Нас, девушек, приехавших на фронт, обучали на радисток. Мы принимали радиограммы. Я даже не знала, с кем общаюсь и кто скрывается за позывными. Меня вызывают – записываю все, что говорят, и передаю дальше. Я – только соединительное звено.
А еще мы несли дежурства: стояли на посту с винтовкой, охраняли объект. Длилось оно не так уж и долго, но времени хватало, чтобы во всех подробностях представить, как ворвется сейчас враг и пристрелит меня из моего же ружья. Или даст по голове прикладом.
А еще было страшно, когда немецкие самолеты на бреющем полете расстреливали. И здоровье я там потеряла, когда по снегу – ползком на задание. И увидела там многое, чего не забыть. До сих пор помню испуганное лицо мальчишки-солдата, который от бомбежки в землянке хотел спрятаться, а снаряд ту землянку на куски разнес… Было и такое, что прямо на тебя бомба летит, думаешь: все, конец, а она и не взорвалась. Разве же можно словами рассказать, что в такой момент чувствуешь?!
Но я не жалею, что попала на фронт. Именно здесь я встретила Илиодора, начальника связи тринадцатого отдельного зенитного дивизиона. Он учил нашу группу на радистов. Мы полюбили друг друга. Это было светлое, чистое и радостное чувство. Ему – двадцать один, мне – семнадцать…

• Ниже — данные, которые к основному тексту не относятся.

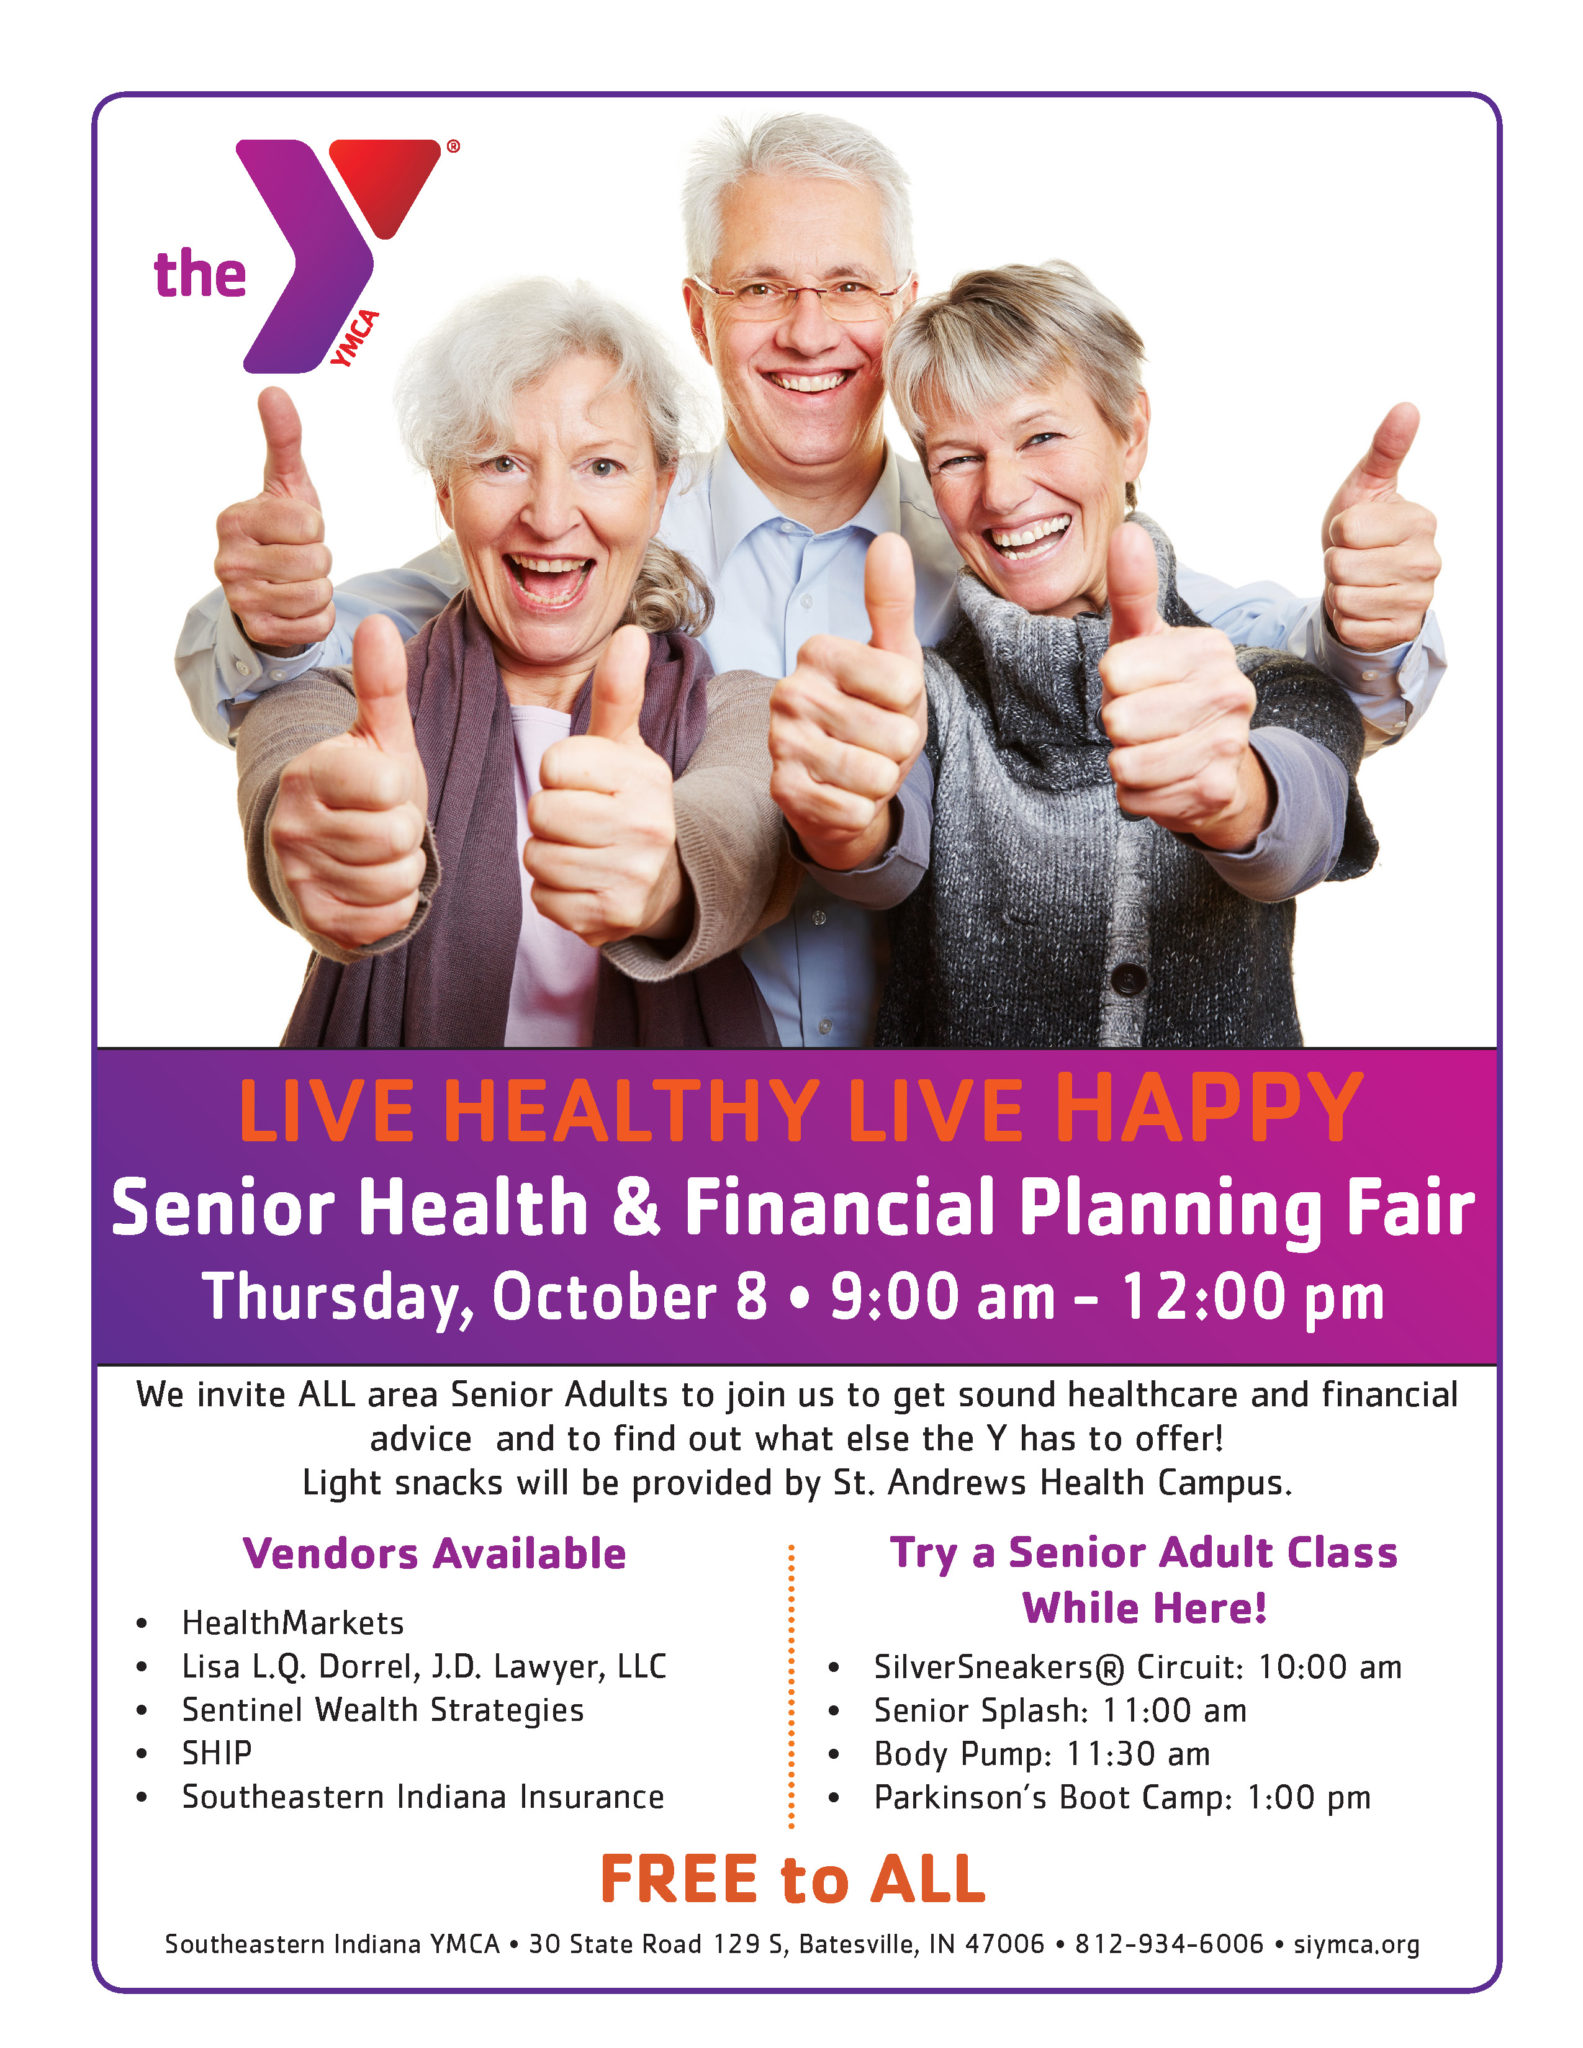 Southeastern Indiana YMCA Senior Health & Financial Planning Fair

Поскольку большинство домов было разрушено, наша воинская часть располагалась в основном в землянках. Один уцелевший дом стал нашим штабом, а для девушек-радисток – и школой, и местом работы. Здесь же нам отвели большую комнату под спальню. В конце этой комнаты отгородили закуток, где мы могли потренироваться на рации.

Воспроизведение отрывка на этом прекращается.